23. The computer program product of claim 22, wherein the code for
calculating the PSS-based frequency offset comprises code for:
calculating, for each of the plurality of frequency offset
hypotheses, PSS energy as energy in the detected PSS; estimating a
PSS-based noise variance based on a frequency offset hypothesis
corresponding to the maximum PSS energy; calculating the PSS-based
SNR metric for each of the frequency offset hypotheses, based on
PSS energy normalized using the PSS-based estimated noise variance;
and selecting, as the PSS-based frequency offset, a frequency
offset hypothesis corresponding to a maximum SNR metric.
24. The computer program product of claim 22, wherein the code for
calculating the joint frequency offset comprises code for:
calculating, for each of the plurality of frequency offset
hypotheses, SSS energy the detected SSS; estimating an SSS-based
noise variance based on a frequency offset hypothesis corresponding
to the maximum SSS energy; calculating the SSS-based SNR metric for
each of the frequency offset hypotheses, based on SSS energy
normalized using the SSS-based estimated noise variance; combining,
for each frequency offset hypothesis, the SSS-based SNR metric and
the PSS-based SNR metric to obtain a joint SNR metric; and
selecting, as the joint frequency offset, a frequency offset
hypothesis corresponding to a maximum joint SNR metric.
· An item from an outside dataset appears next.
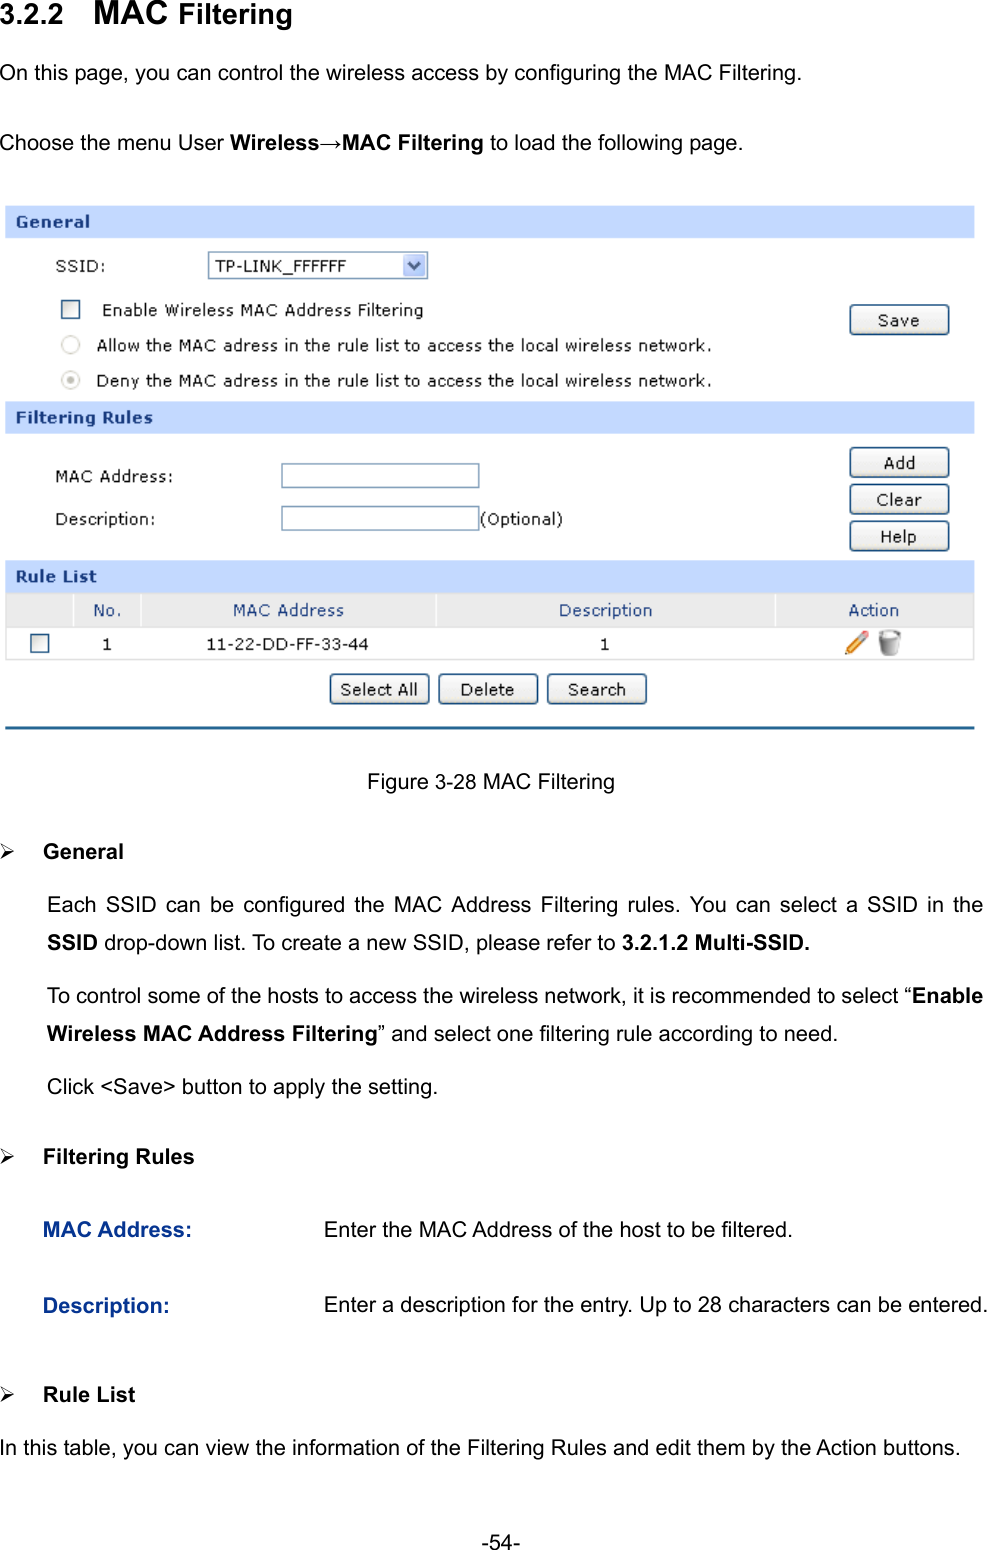  -54- 3.2.2  MAC Filtering On this page, you can control the wireless access by configuring the MAC Filtering. Choose the menu User Wireless→MAC Filtering to load the following page.  Figure 3-28 MAC Filtering ¾ General Each SSID can be configured the MAC Address Filtering rules. You can select a SSID in the SSID drop-down list. To create a new SSID, please refer to 3.2.1.2 Multi-SSID. To control some of the hosts to access the wireless network, it is recommended to select “Enable Wireless MAC Address Filtering” and select one filtering rule according to need. Click &lt;Save&gt; button to apply the setting. ¾ Filtering Rules MAC Address:  Enter the MAC Address of the host to be filtered. Description:  Enter a description for the entry. Up to 28 characters can be entered. ¾ Rule List In this table, you can view the information of the Filtering Rules and edit them by the Action buttons.

25. The computer program product of claim 23, wherein the code for
calculating the PSS-based SNR metric for each of the frequency
offset hypotheses comprises code for: calculating a PSS-based SNR
metric for each of a plurality of receive antennas; and
accumulating the PSS-based SNR metric across receive antennas for
each frequency-offset hypothesis.
26. The computer program product of claim 24, wherein the code for
calculating the SSS-based SNR metric for each of the frequency
offset hypotheses comprises code for: calculating a SSS-based SNR
metric for each of a plurality of receive antennas; and
accumulating the SSS-based SNR metric across receive antennas for
each frequency-offset hypothesis.
27. The computer program product of claim 22 further comprising
code for: determining if a frequency offset hypothesis
corresponding to the selected PSS-based frequency offset comprises
an edge hypothesis; and if not, applying quadratic interpolation on
the PSS based SNR metrics for the maximum frequency-offset
hypothesis, and at least two neighboring frequency-offset
hypotheses to obtain the PSS-based frequency-offset.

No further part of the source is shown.